Work to be completed ▸ Output must consist only of the lines of the material below from the one with "Comprar Casa /" through the one with "Ferrari P80c 2019 0319 003", each reproduced exactly; no pictures belong in it.

Material supplied ▸
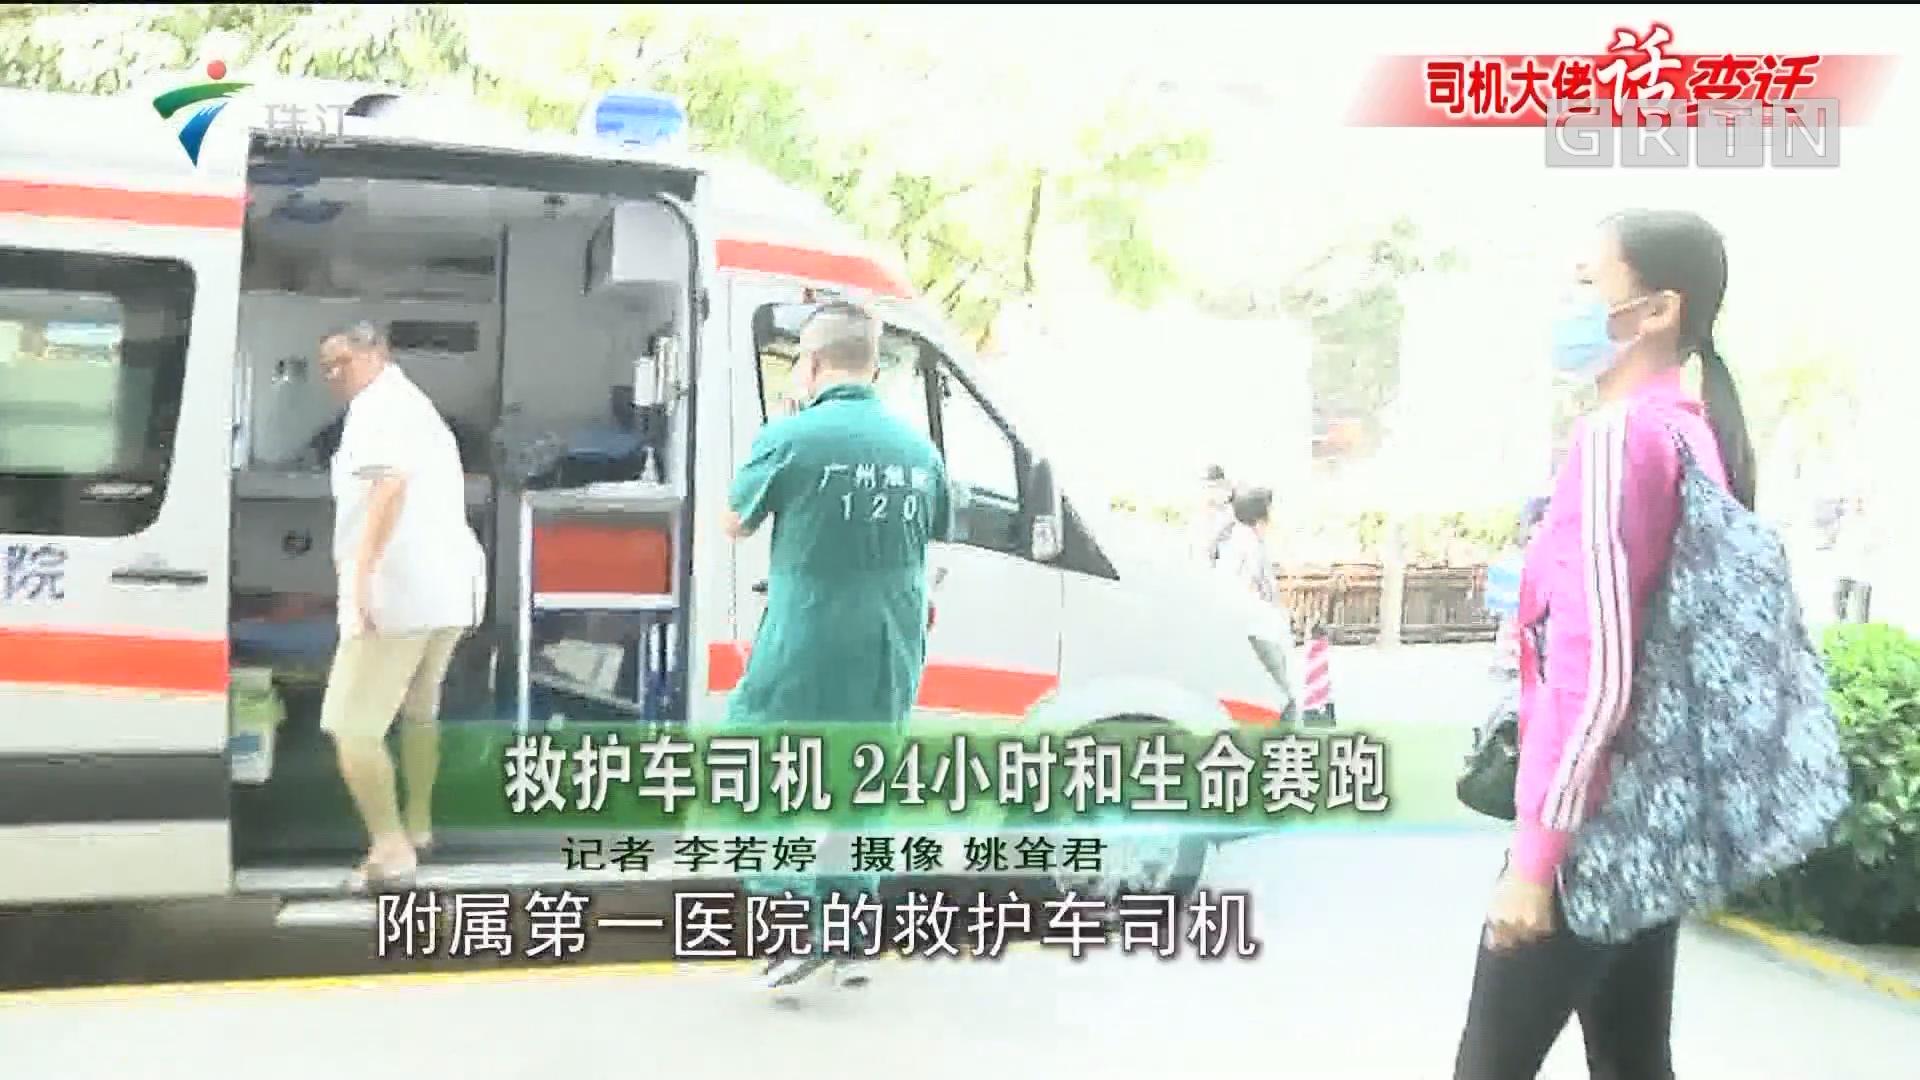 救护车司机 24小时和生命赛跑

--

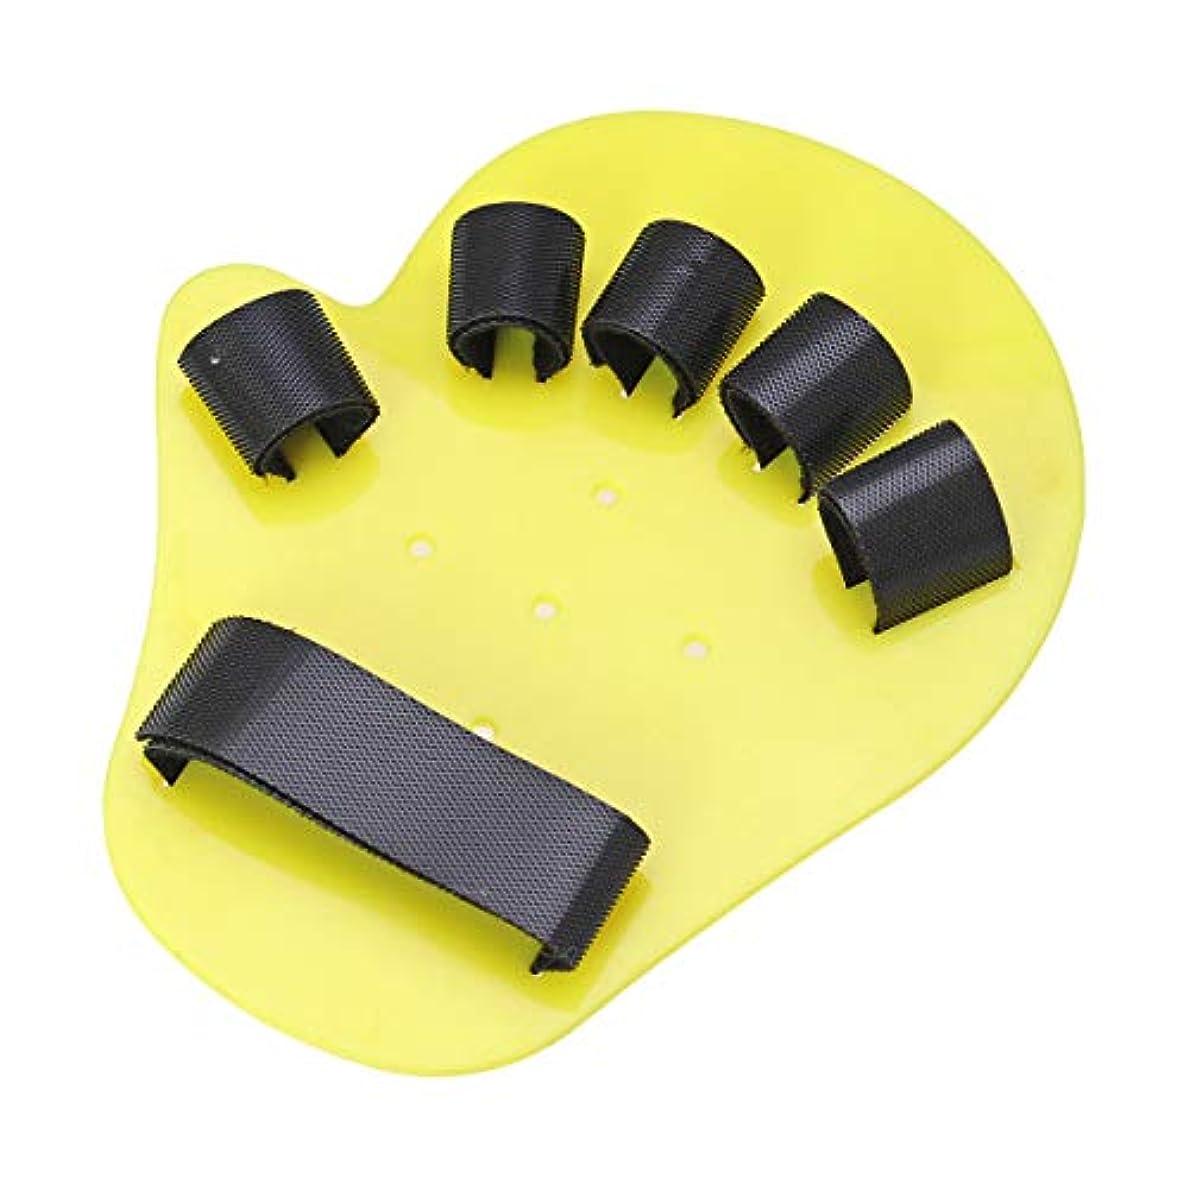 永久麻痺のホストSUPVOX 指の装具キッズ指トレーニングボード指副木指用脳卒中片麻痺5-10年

* * *

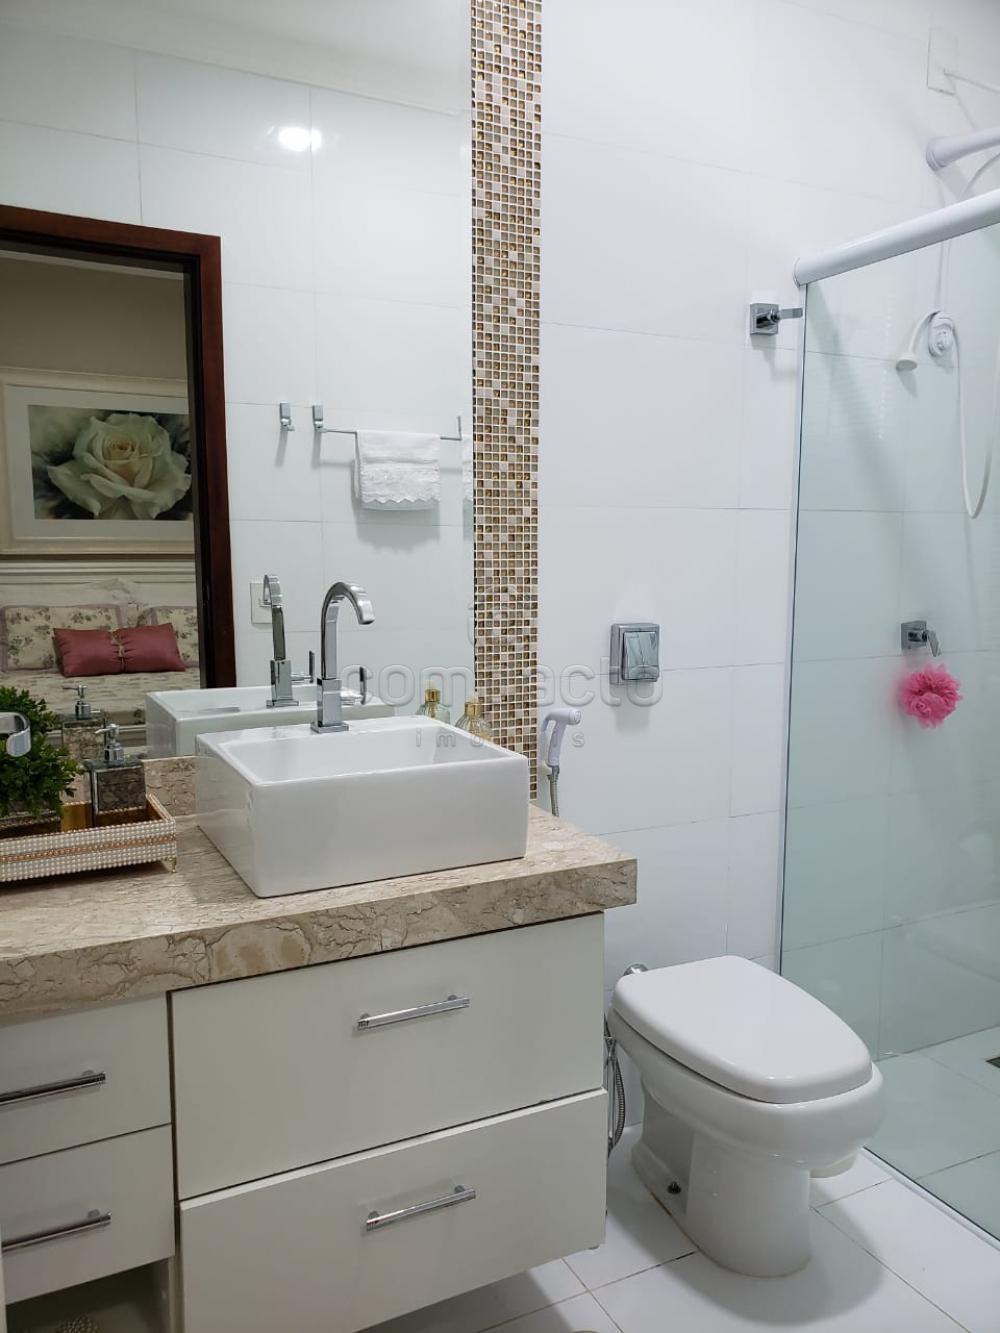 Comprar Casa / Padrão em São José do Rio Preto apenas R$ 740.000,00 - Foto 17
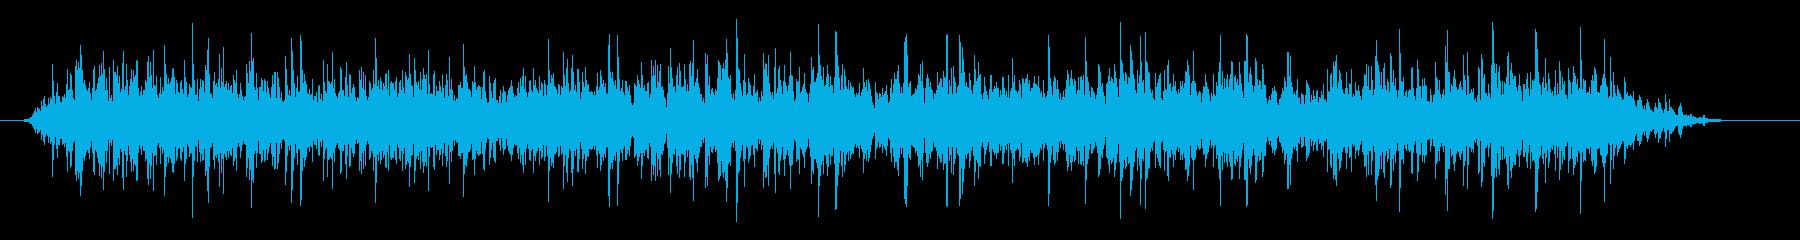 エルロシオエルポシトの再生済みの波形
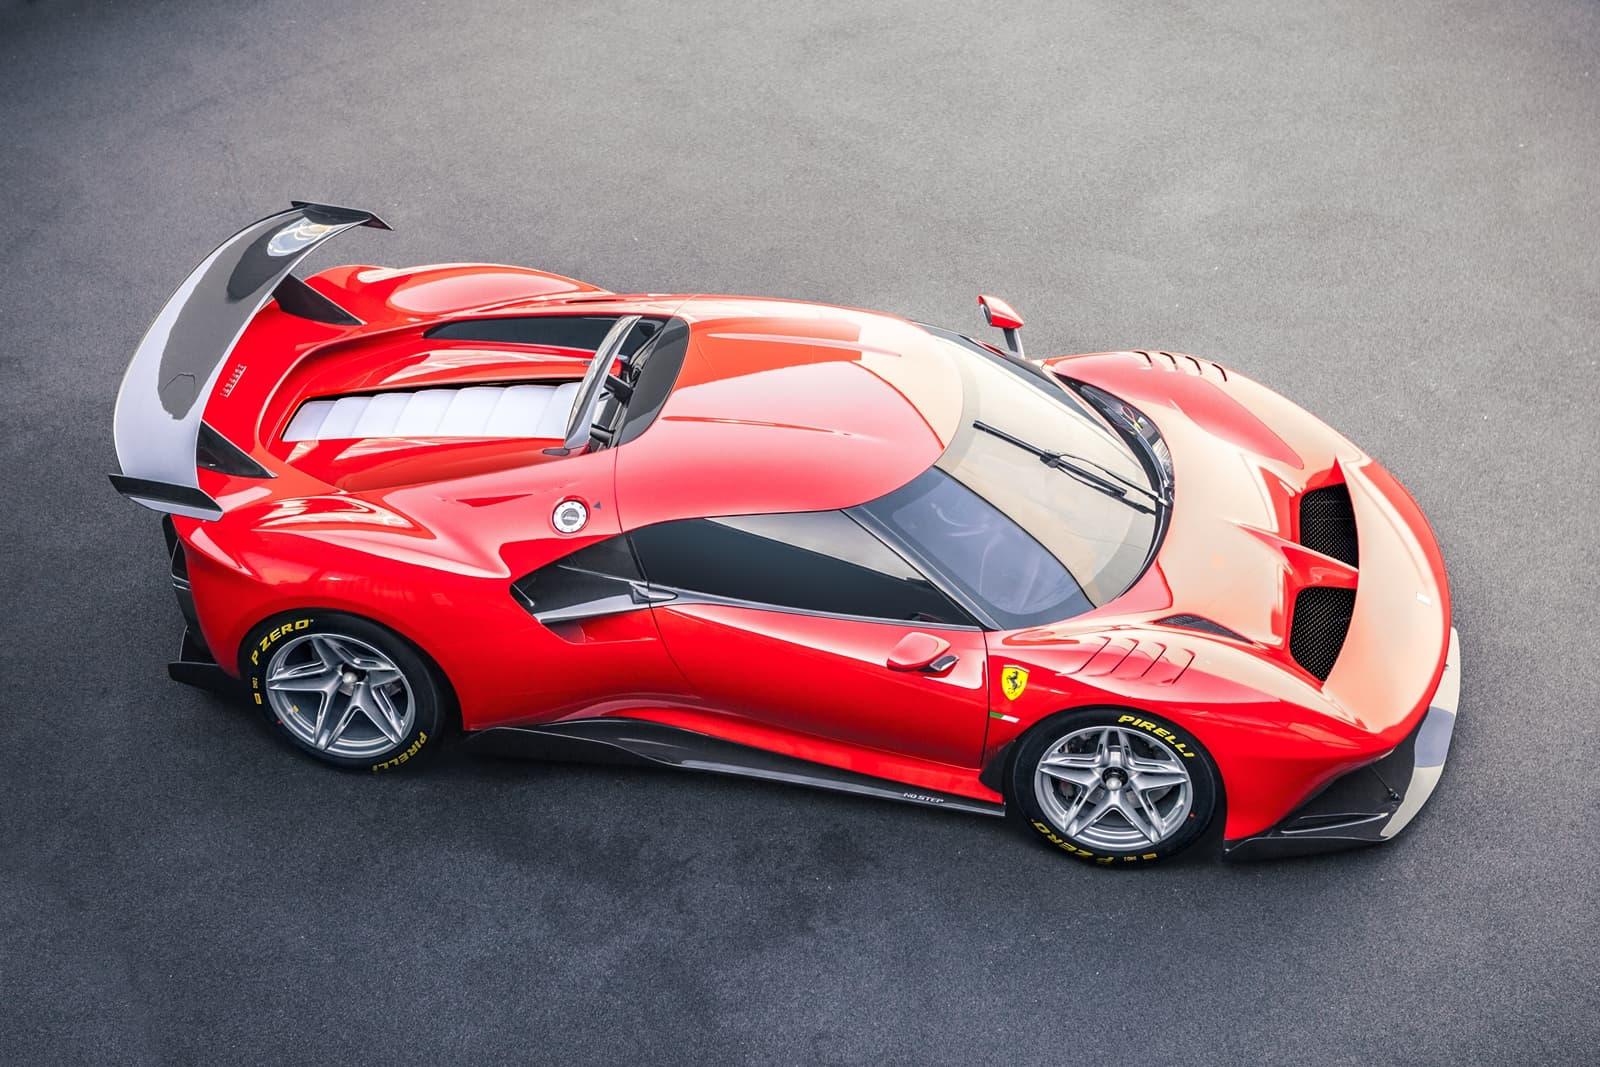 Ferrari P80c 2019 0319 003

Solution below ▸
 Comprar Casa / Padrão em São José do Rio Preto apenas R$ 740.000,00 - Foto 17
 エルロシオエルポシトの再生済みの波形
 Ferrari P80c 2019 0319 003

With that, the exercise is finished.